The agentic governance toolkit I built to stop my agents from wrecking everything

No, you don't have to read all this. I get it, this is LONG. This page is as much for my agents as it is for you; they load it for context on the full system. If you just want the highlights, here's the TL;DR:

What	Why You Care
Hook-based enforcement across 3 platforms	Agents follow rules even when their context window "forgets" them
Over 50 enforcement scripts (Python + Bash + YAML)	Real procedural enforcement, not markdown suggestions
Nearly 50 reusable agent skills	Teach your agents once, benefit forever
Over 200 Architecture Decision Records	Persistent institutional memory that compounds over time
UEAH attribution on every artifact	You always know what was changed & why & by which agent
Per-agent sound notifications	Know which agent finished work without looking at the screen
Federation pipeline	Write rules ONCE, deploy to Cursor + Claude Code + Gemini CLI identically

The backstory

I manage cloud platforms (Google Workspace, GCP, AWS) for a large tech startup. A significant chunk of my job involves repetitive operations: managing user accounts, updating group settings, reviewing Jira tickets, checking Slack, updating Confluence documentation, composing emails, managing calendar, etc.

So I started delegating to AI agents. Cursor for orchestration & IDE work. Claude Code and Gemini CLI running in terminal sessions as parallel workers. MCP servers connecting them to Jira, Confluence, Slack, Gmail, Google Drive.

Between the combination of MCPs + CLIs, I could invest my time & cognitive energy into the things that mattered + had more impact, shifting from reactive (waiting for issues / bugs / tickets to surface) to proactive IT management.

However, that access is a loaded gun.

I didn't want to recklessly YOLO & whitelist a bunch of commands for agents without first investigating + building systems to mitigate risks. If we're setting up agents to leverage CLI commands where one bad command could be destructive to repos, I knew I had to take great care to build guardrails, restrictions, & systems to protect our IP & our SaaS platforms.

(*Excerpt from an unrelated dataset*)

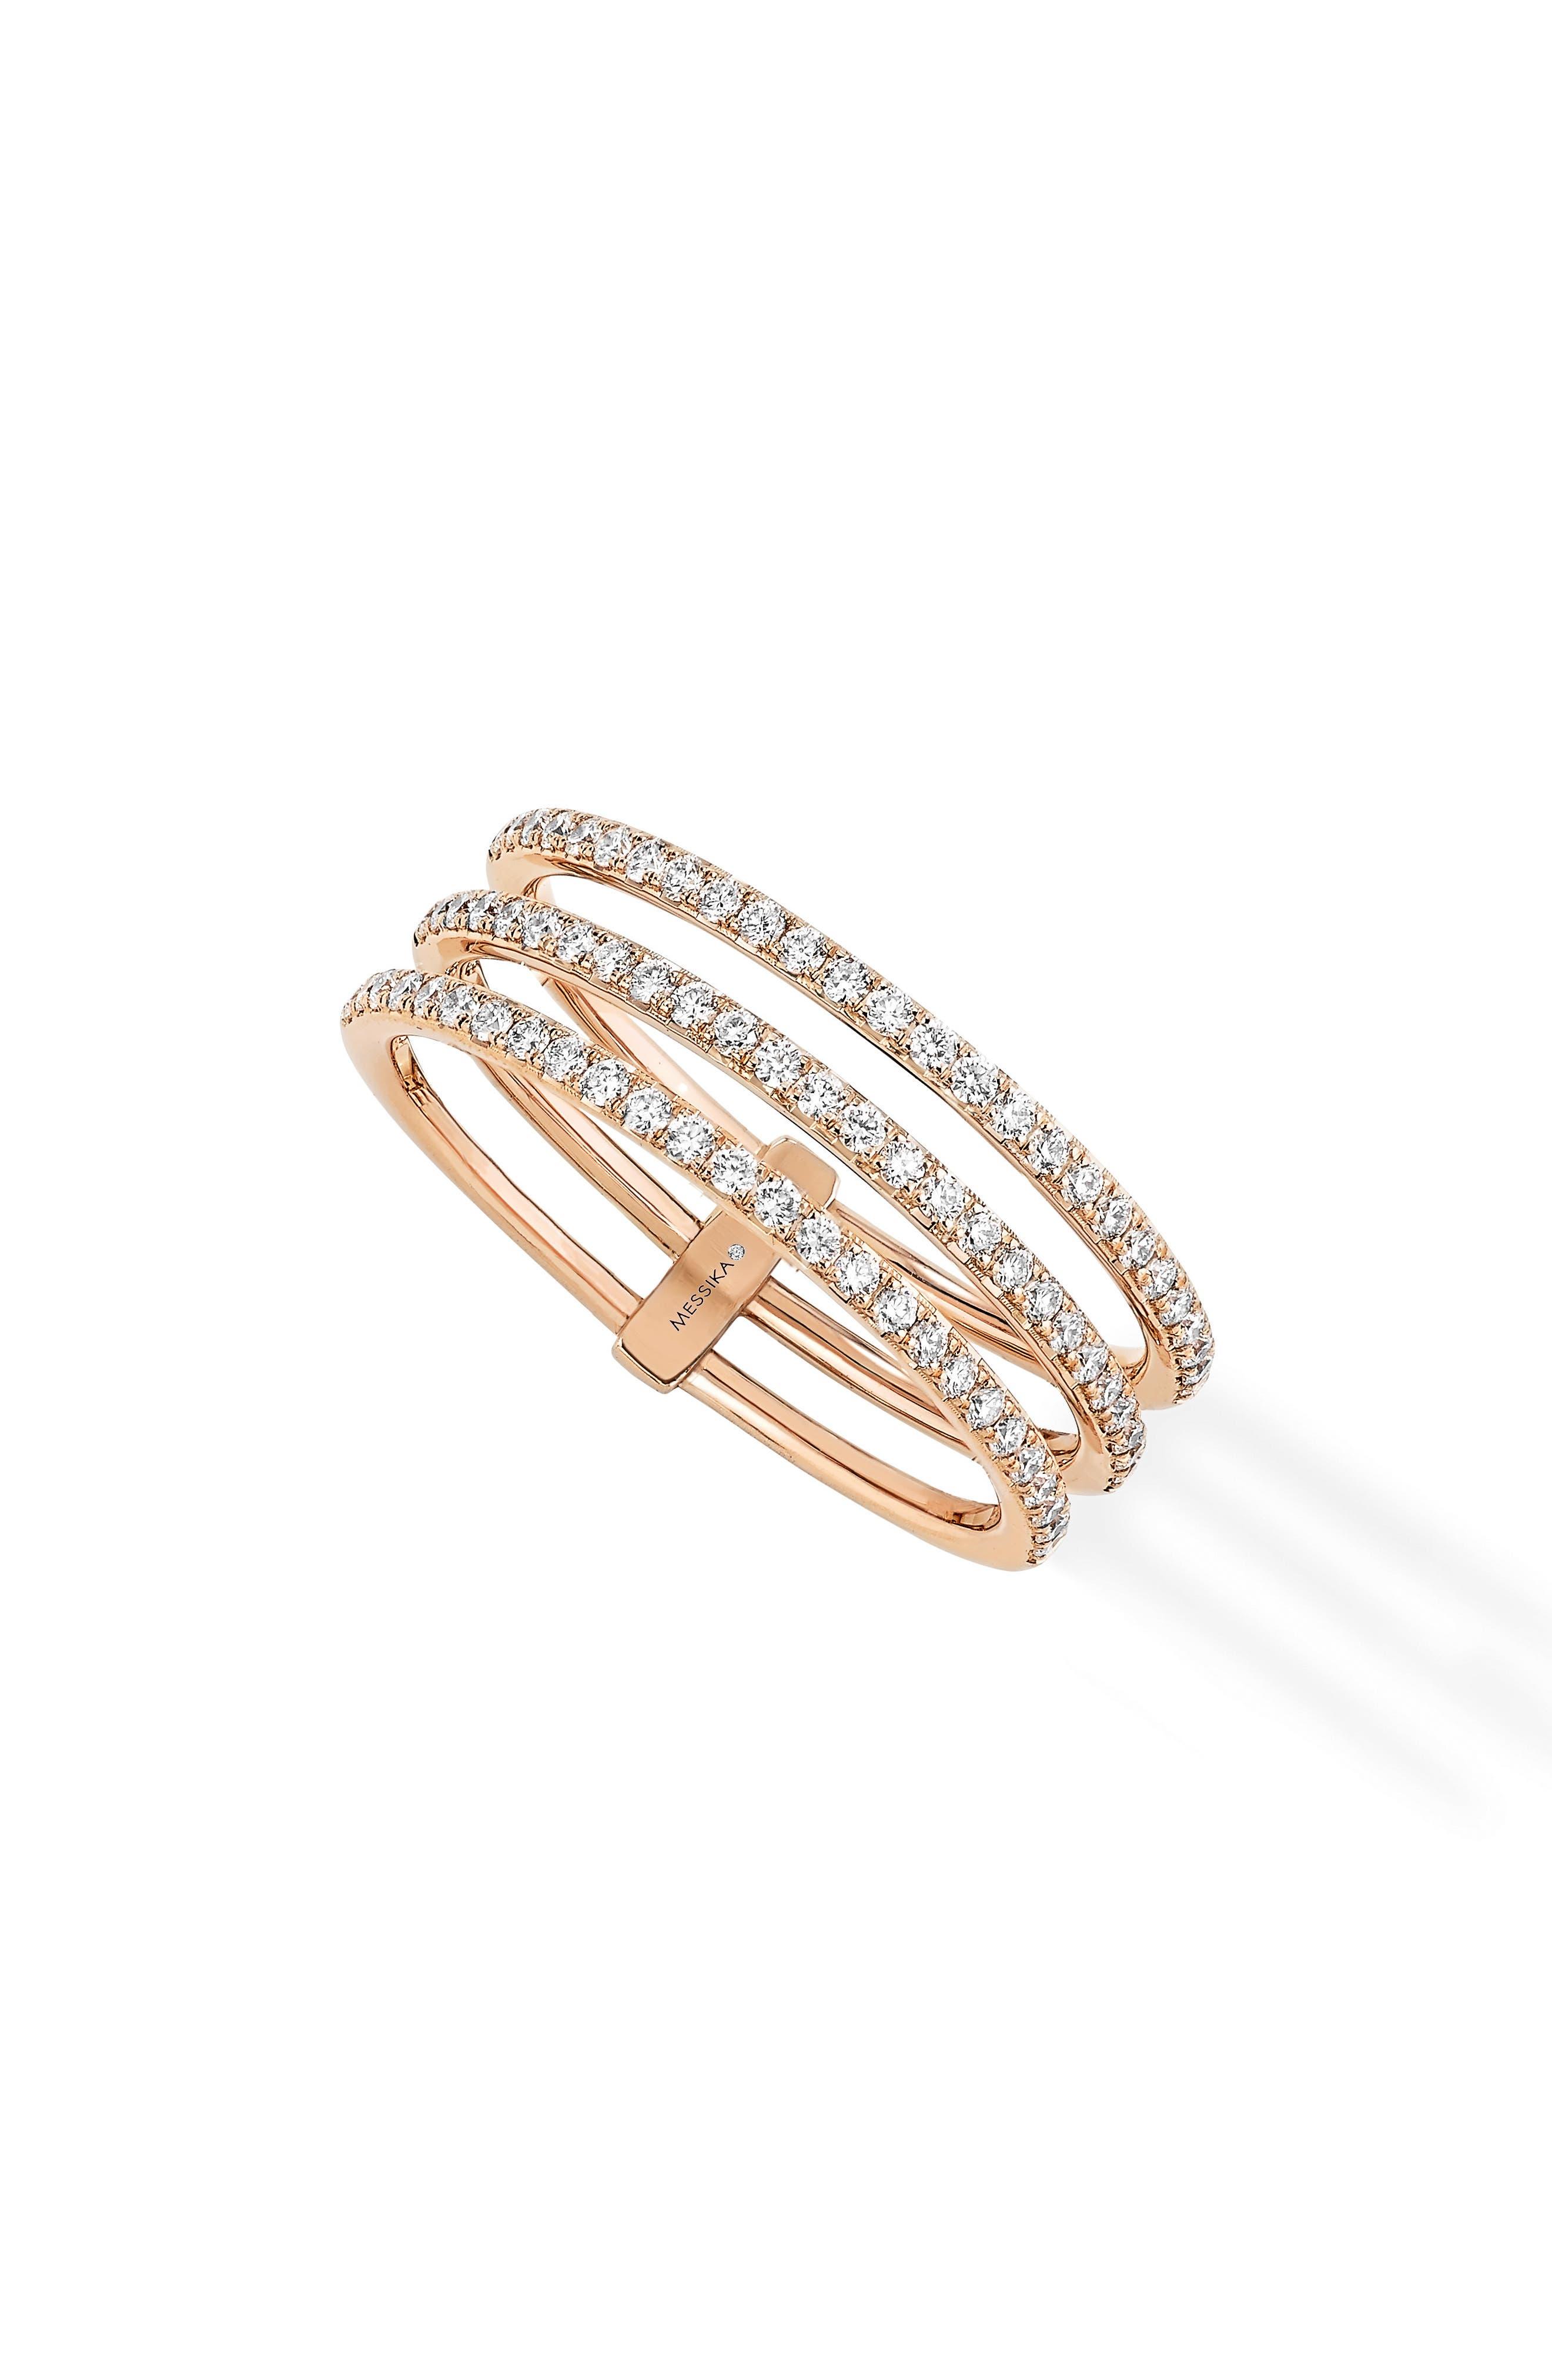 Alternate Image 1 Selected - Messika 3-Row Diamond Ring

Every one of those CLI tools is a loaded gun:

Tool	Risk / Vulnerability	Mitigations
GitLab CLI	Read + write access to repos based on local credentials	Hooks to limit commands & scopes; pre-execution scripts scan for safety; 1Password hooks for secrets; granular PATs per-repo
Atlassian CLI	Read + write to any Jira + Confluence assets	Granular API scopes; hooks + pre-execution scripts; 1Password hooks
1Password CLI	Injects secrets as env vars. Risk: `op read` prints raw secrets; compromised agents could extract via `op run -- env`	Token Exposure Guard blocks `op read` • inspects `op run` sub-commands; break glass mechanism for emergency bypass
CLASP	OAuth'd access to any Apps Script project	Pre-execution scripts; 1Password hooks; Apps Script natively retains history
GAM	Requires dangerous domain-wide-delegation admin privileges	Hooks to limit commands; pre-execution scripts; 1Password hooks

So before I could unlock the productivity, I had to build the safety systems. That's what the Agentic Developer Toolkit is.

What's in the box

I've packaged the ~70% of my agentic harness systems which is generic into a standalone framework that any developer can adopt, regardless of what they're building, which IDE they use (or even if they're running ONLY terminal CLIs, no IDE at all), no matter whether they think "vibe coding" is a compliment or an insult.

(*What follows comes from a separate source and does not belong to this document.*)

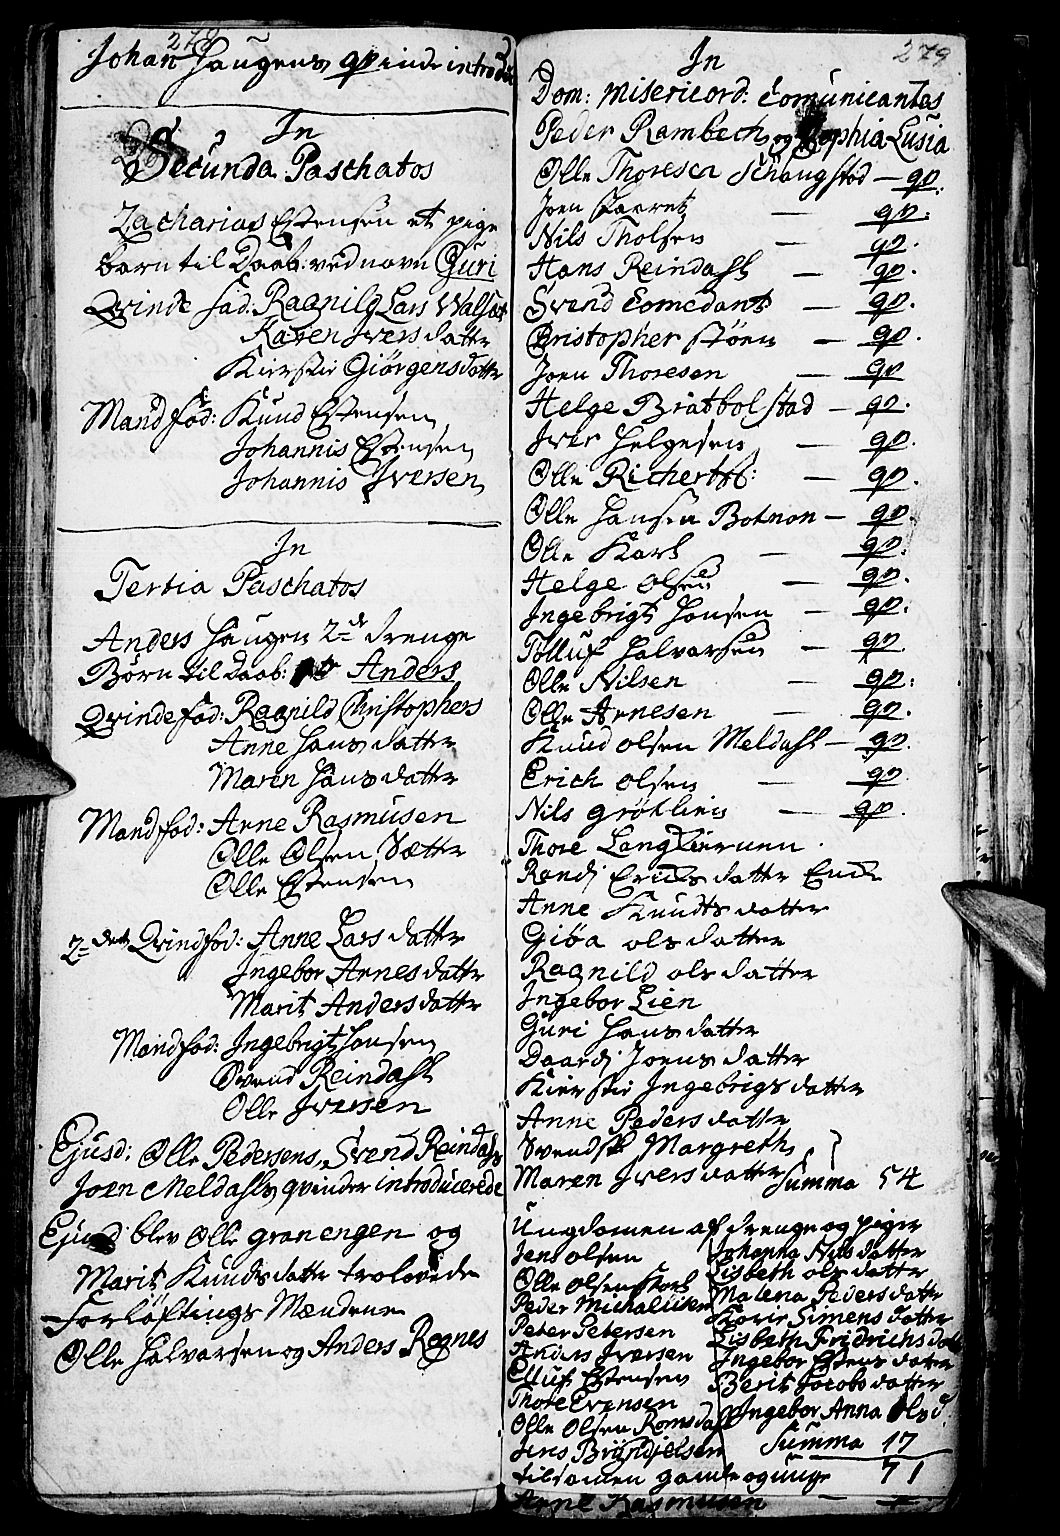 SAH, Kvikne prestekontor, Ministerialbok nr. 1, 1740-1756, s. 278-279

Component	What It Does	Why You Care
Constitutional AI (per Simon Willison)	Reasoning-rich "soul document" for your agents	Stops agents from doing dumb things when you're not looking
1Password Hooks	3-tier secret injection + token exposure guard	Your agents can use CLIs safely without leaking credentials to terminal logs
Security Harness	Unicode detection, injection scanning, homograph defense	Your agents won't get tricked by invisible characters in emails
Hook System	Auto-fires at action boundaries (pre-tool, post-edit, session end)	Agents follow rules even when context windows "forget" them
48 Reusable Skills	Procedural knowledge modules (Jira, Confluence, Git, Terraform, etc.)	Don't re-invent the wheel
Event Bus	Cross-agent coordination & message passing	Your agents can talk to each other without you playing telephone
Handoff System	Structured context transfer between sessions	No more "what was I doing?" when starting a new session
Session Governance	CHANGELOG completeness, ADR recency checks, plan materialization	Catches when agents skip documentation (they ALL do, ~20-40% of the time)
Sound Notifications	Audio personas for each agent (Warcraft III unit responses)	Know which agent finished by the alert alone

IDE support: I don't play favorites (even if I have one)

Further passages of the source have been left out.